We created a consensus sequence for multiple species alignments using the following procedure. At each position, one of the IUPAC symbols for the four bases (A, C, G, T) or degenerate symbols representing multiple bases (e.g., W = A or T), is used for the observed nucleotides (see examples in Table 6, positions 1 and 2). If less than half of the sequences have "N"s or gaps ("-"), we ignore those symbols. But if the majority of symbols at a position are "N"s, "-"'s or both, we use "N", "-" or "-" respectively (positions 3–5) For some sequences, if a "N' or gap appears and there are only two sequences in the alignment including the reference genome S. cerevisiae (or D. melanogaster), we use the symbol observed in S. cerevisiae (or D. melanogaster) (Position 6–7).

Table 6 Examples of consensus construction.

c-REDUCE results were obtained by running the REDUCE program, provided by the authors [4], on the multiple species consensus sequences. The program evaluates all oligos, including those with degenerate symbols (in c-REDUCE), for significant correlation across all genes between the counts of the oligo in a gene promoter and the experimental values (e.g., gene expression or TF binding enrichment) for that gene. We examine oligos 5–7 base pairs long for both c-REDUCE and f-REDUCE. Because of the large number of oligos with degenerate symbols, we only test oligos with at least 10 counts and at most two degenerate symbols in c-REDUCE. Methods for finding multiple oligos and for determining statistical significance are described in [4]. Any oligos with gaps due to the alignment were not considered in the analysis.

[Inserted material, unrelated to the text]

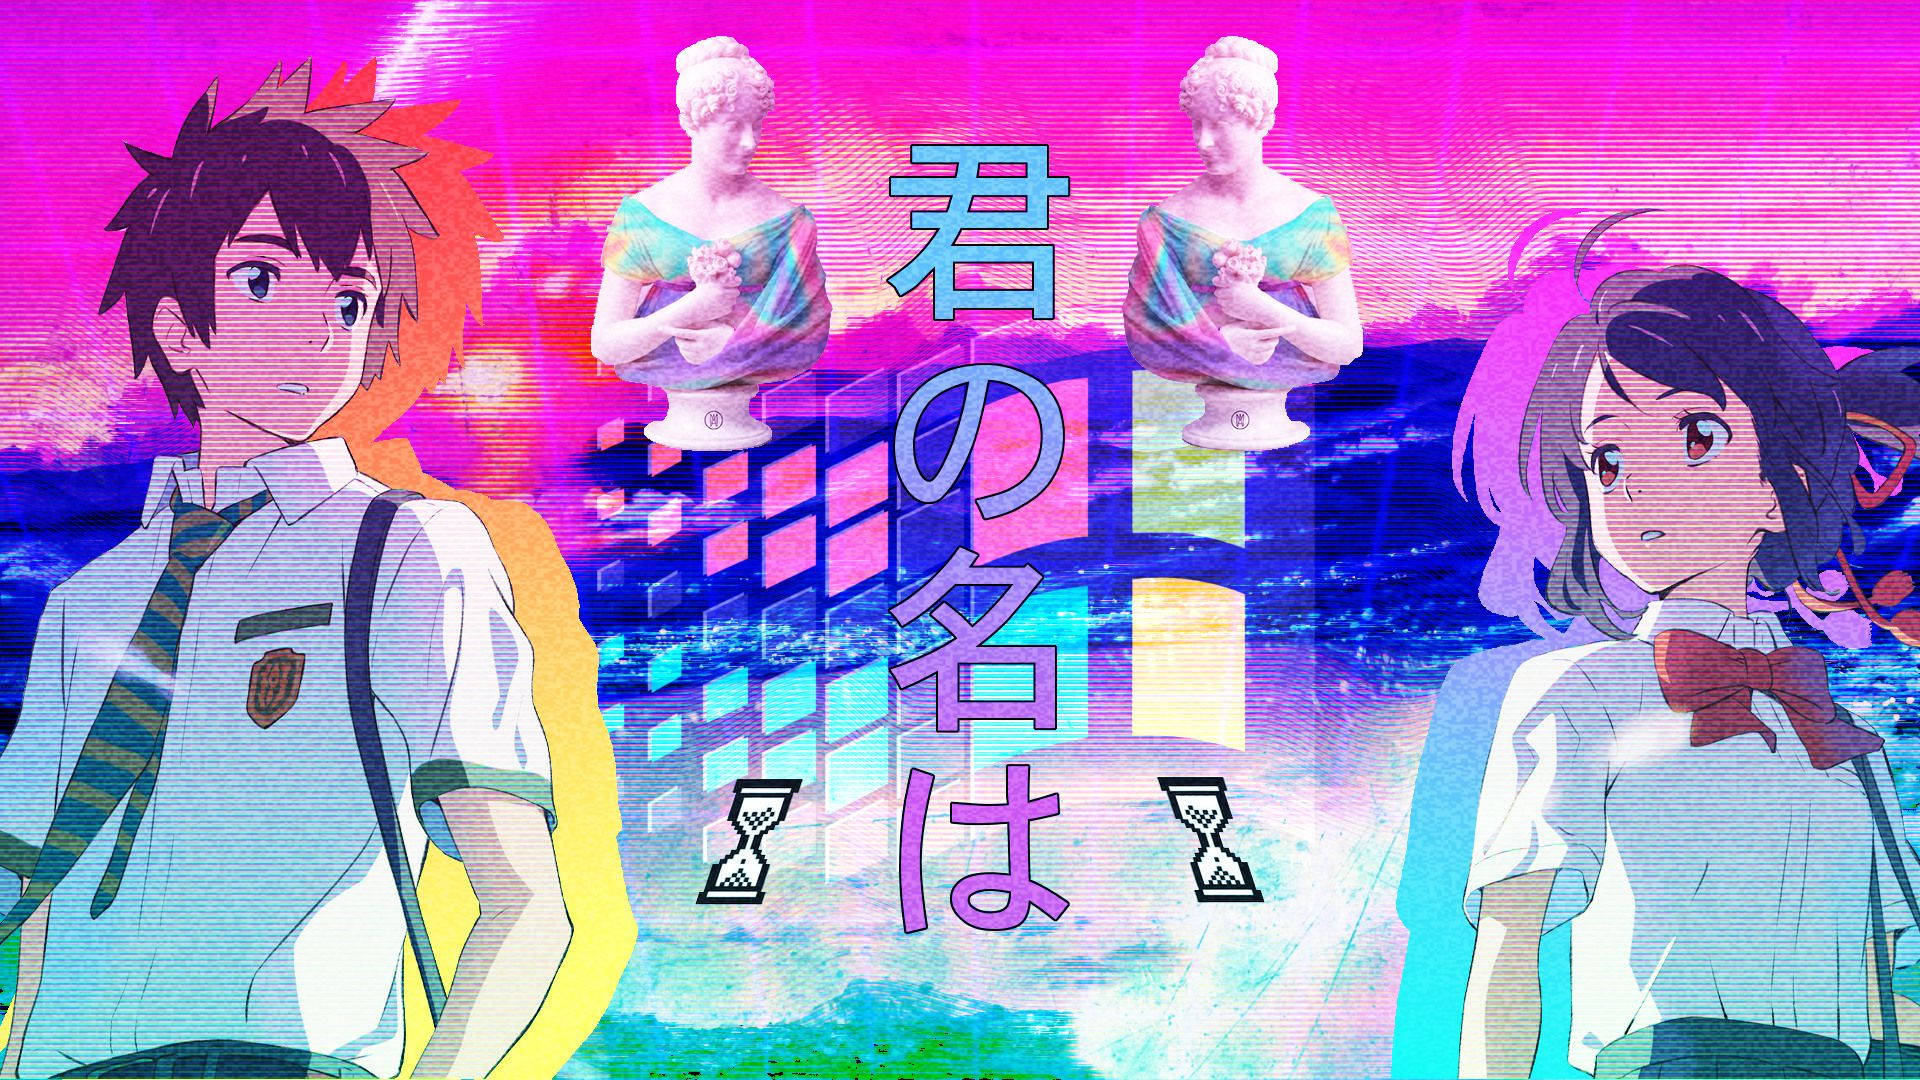 Your Name Anime Aesthetic Art Wallpaper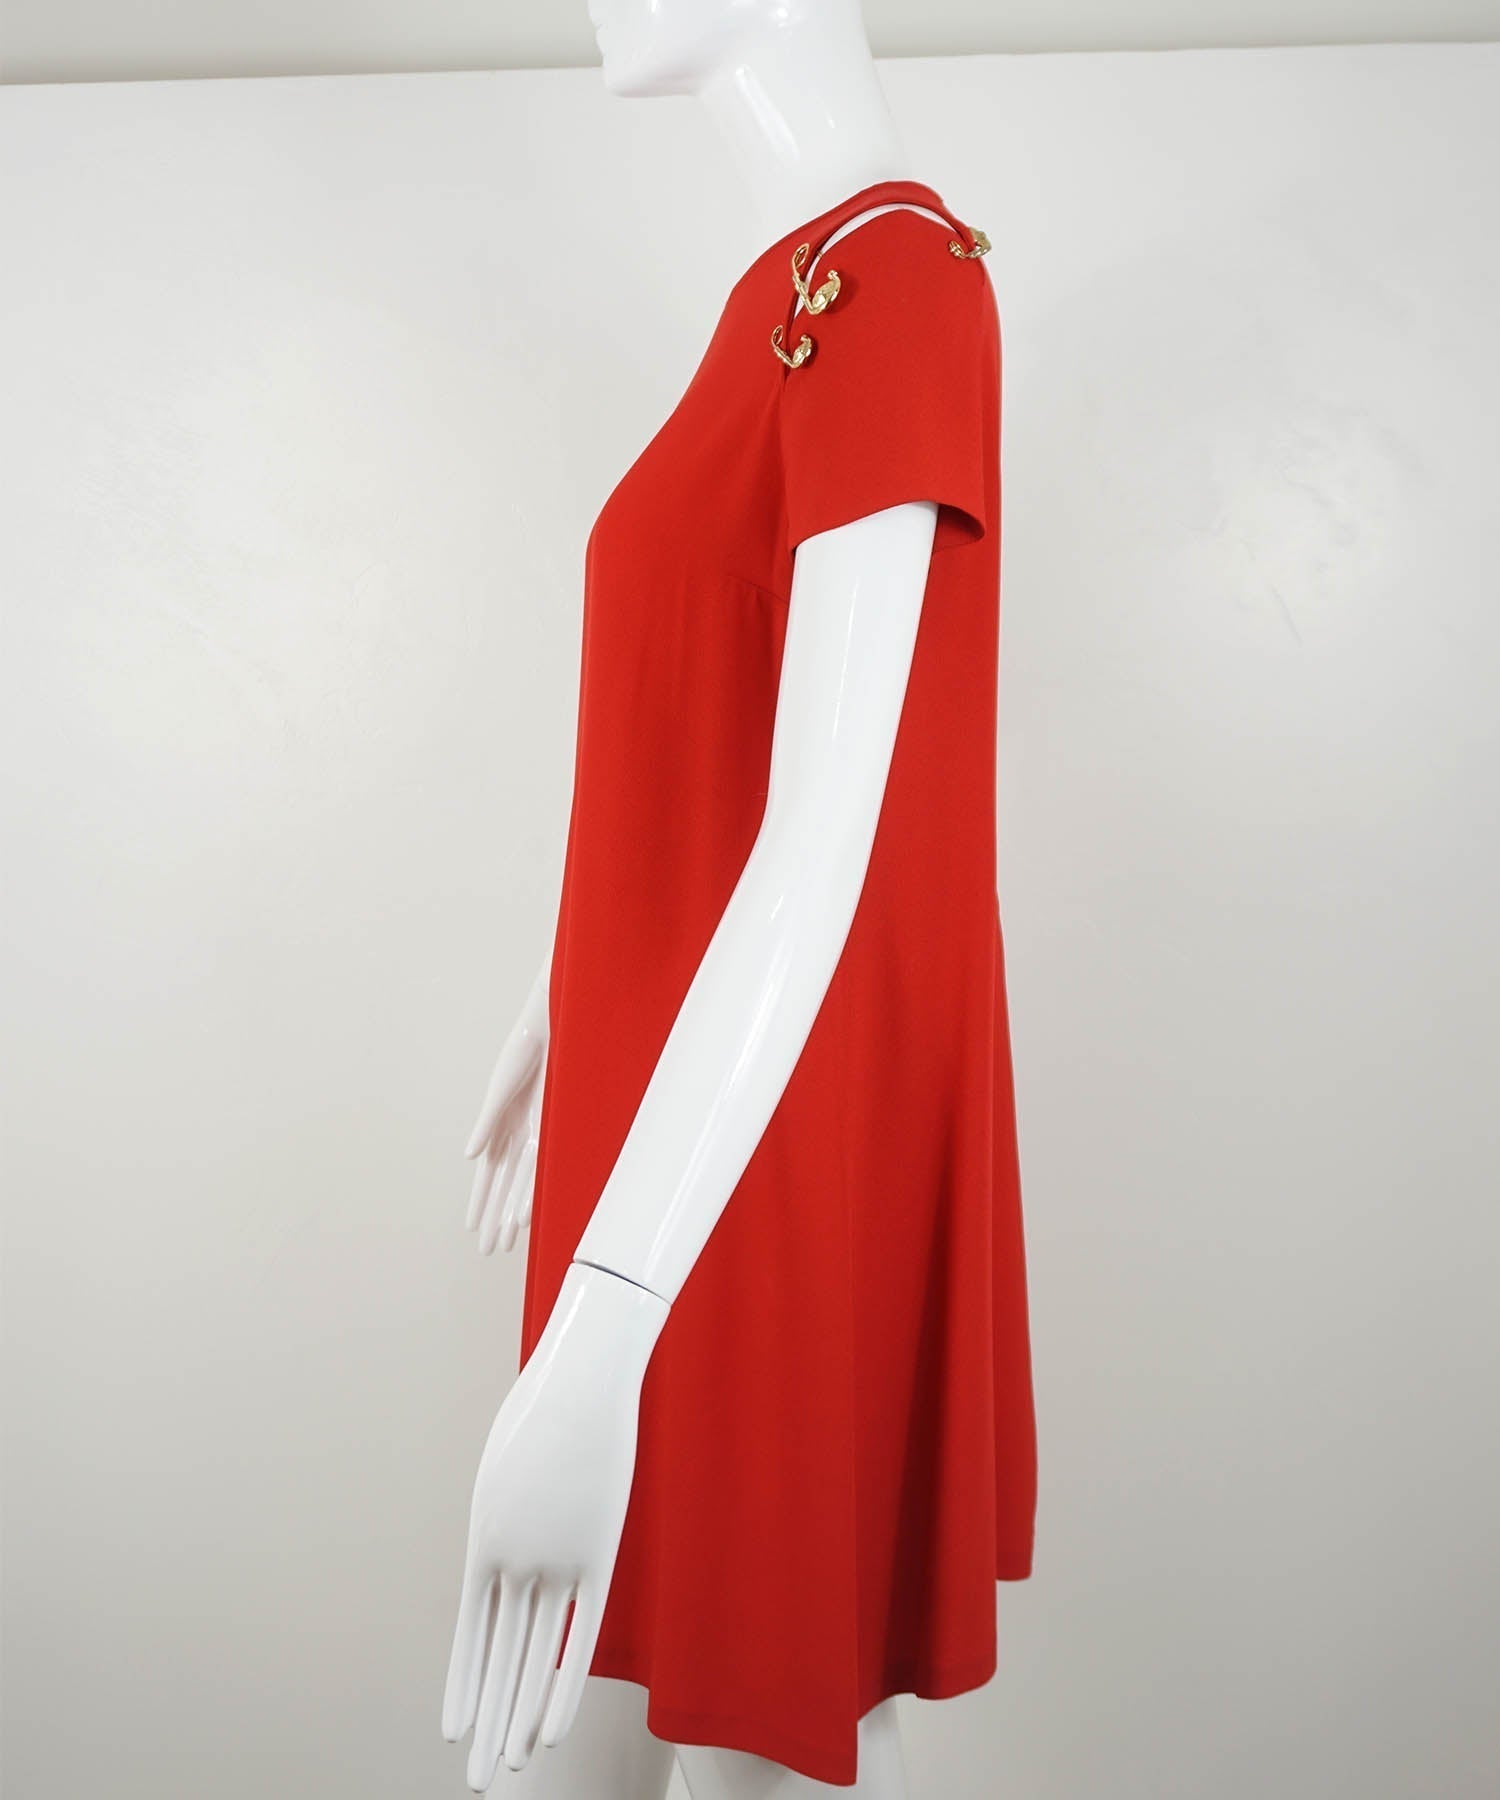 Versus Versace Vintage 1990's Safety Pin Dress

For oligos with degenerate symbols in c-REDUCE, we considered two options for degenerate oligo counting in our sequences illustrated by the following examples: 1) "W" is counted only when "A" or "T" are in the global alignment; 2) "W" is counted when "A", "T" or "W" are in the global alignment. We did not consider a third option of "W" being counted when "D", and "H" are in the global alignment, since "W" would only characterize a subset of the observed nucleotides. However, in #2, "D" is counted when "A", "T", "G", "K", "R", "W", or "D" occur. We found that option #2, although intuitively more correct, was much slower on the yeast data and did not dramatically improve the results based on option #1.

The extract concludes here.